71 Aquilae

Observation data Epoch J2000 Equinox J2000
- Constellation: Aquila
- Right ascension: 20^{h} 38^{m} 20.28206^{s}
- Declination: −01° 06′ 18.4311″
- Apparent magnitude (V): 4.33

Characteristics
- Spectral type: G7.5 IIIa
- U−B color index: +0.68
- B−V color index: +0.96
- R−I color index: 0.46

Astrometry
- Radial velocity (R_{v}): −5.6 km/s
- Proper motion (μ): RA: +14.84 mas/yr Dec.: −16.45 mas/yr
- Parallax (π): 9.67±0.75 mas
- Distance: 340 ± 30 ly (103 ± 8 pc)
- Absolute magnitude (M_{V}): −1.03

Orbit
- Period (P): 205.2 days
- Semi-major axis (a): 3.82±0.81 mas
- Eccentricity (e): 0.000
- Inclination (i): 147.70±5.90°
- Longitude of the node (Ω): 314.00±1.30°
- Periastron epoch (T): 2423358.0 HJD
- Argument of periastron (ω) (secondary): 0.00°

Details

primary
- Mass: 3.6 M_{☉}
- Radius: 16.7 R_{☉}
- Luminosity: 162 L_{☉}
- Surface gravity (log g): 2.77 cgs
- Temperature: 5,046 K
- Metallicity [Fe/H]: −0.03 dex
- Rotational velocity (v sin i): 10 km/s
- Age: 347 Myr

secondary
- Mass: 0.88 M_{☉}
- Other designations: BD−01 4016, HD 196574, HIP 101847, HR 7884, SAO 144649.

Database references
- SIMBAD: data

= 71 Aquilae =

Binary star system in the constellation Aquila

71 Aquilae (abbreviated 71 Aql) is a binary star in the equatorial constellation of Aquila. 71 Aquilae is its Flamsteed designation though it also bears the Bayer designation l Aquilae. The apparent visual magnitude of the system is 4.33, making it bright enough to be viewed by the naked eye. It has an annual parallax shift of 9.67 mas, which equates to a physical distance of 340 ly from Earth, give or take a 30 light-year margin of error. At this distance, the brightness of the system is diminished by 0.065 in visual magnitude from extinction caused by interstellar gas and dust.

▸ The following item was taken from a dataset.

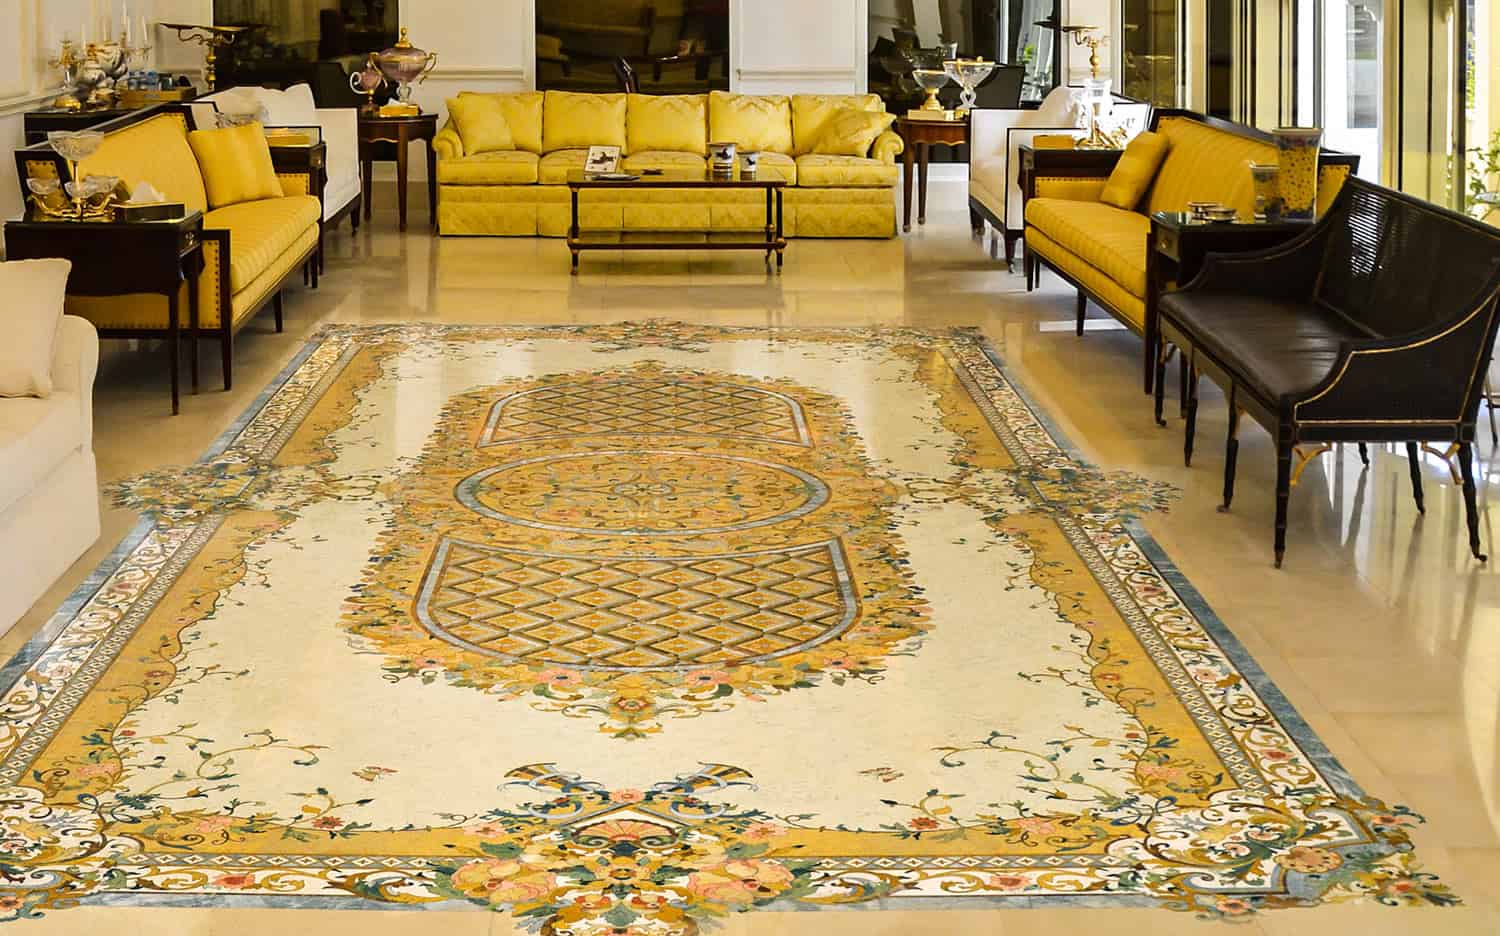 An artistic carpet marble flooring

This is a spectroscopic binary system where the presence of an orbiting companion is revealed by shifts in the spectral lines caused by the Doppler effect. The primary component is a giant star with a stellar classification of G7.5 IIIa and is listed as a standard star for that class. The secondary is following a circular orbit with a period of 205.2 days.